Back to notes Concepts January 4, 2026 244 words

Loss

Mean Squared Error (MSE) / Least Squares

Earliest version of a loss function, attributed to Gauss and Legendre. $L = \frac{1}{n}\sum(y - \hat{y})^2$ Best for regression-like problems.

Cross-Entropy (Log Loss)

Instead of having a numeric value of the loss, used when we want how likely the result was. This is necessary as MSE doesn't work that well with classification problems.

Categorical Cross-Entropy

Used for multiple classes $L = -\sum_{c=1}^{M} y_{o,\,c} \log(p_{o,\,c})$ where:

$M$ is number of classes

Binary Cross-Entropy

Used for yes/no questions $L = -[y \cdot \log(p) + (1-y) \cdot \log(1-p)]$

Hinge Loss

Like cross entropy but doesn't measure distance as long as prediction is true. This comes from Support Vector Machines. $L = max(0, 1 - y * \hat{y})$

Focal Loss

Cross-entropy is overwhelmed when data is imbalanced and there's a majority class.
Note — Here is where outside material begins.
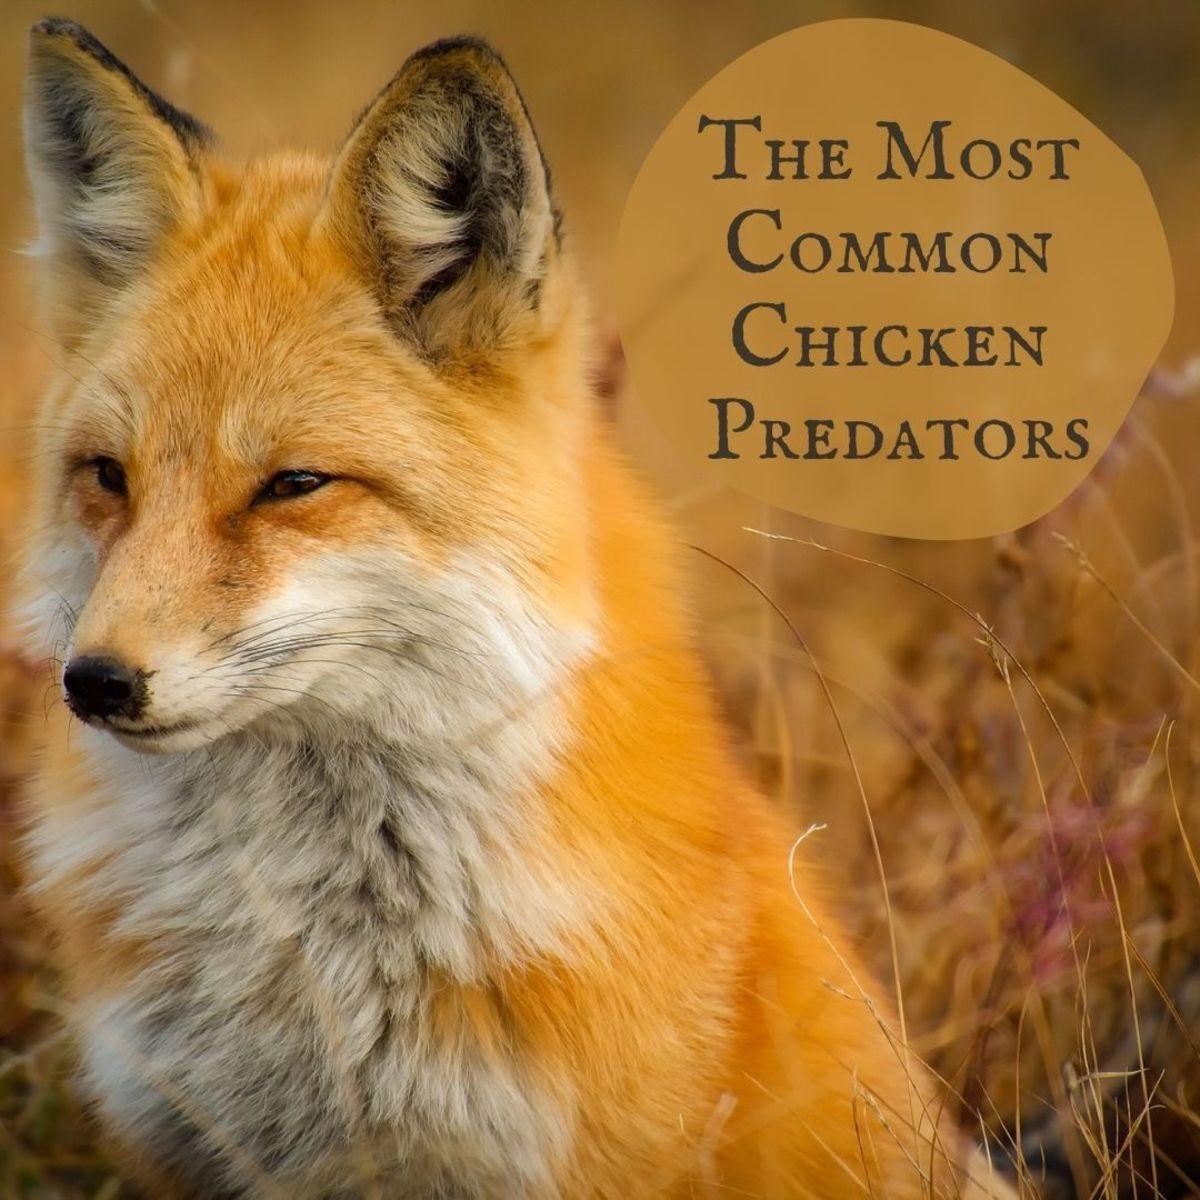 12 Most Common Chicken Predators in the U.S.

Focal Loss adds a reshaping factor so that down-weight easy (more occurring) examples and focus on hard (less occurring) examples. $L = -(1 - p_t)^\gamma \cdot\log(p_t)$ where:

$\gamma$ is the reshaping factor.

Direct Preference Optimization (DPO) Loss

In scenarios where users can prefer some of the outputs and reject some of them, there needs to be a mechanism that increases the likelihood of winning outputs and decrease the likelihood of losing outputs.

DPO is designed to solve this issue

L_{\text{DPO}}(\pi_\theta, \pi_{\text{ref}}) = -\mathbb{E}_{(x, y_w, y_l)\sim D}\left[ \log \sigma \left( \underbrace{ \beta\log\frac{ \pi_\theta(y_w|x)} { \pi_{\text{ref}}(y_w|x) } }_{\substack{\text{Minimize preferred} \\ \text{output}}} - \underbrace{ \beta\log\frac{ \pi_\theta(y_l|x)} { \pi_{\text{ref}}(y_l|x) } }_{\substack{\text{Minimize dispreffered} \\ \text{output}}} \right) \right]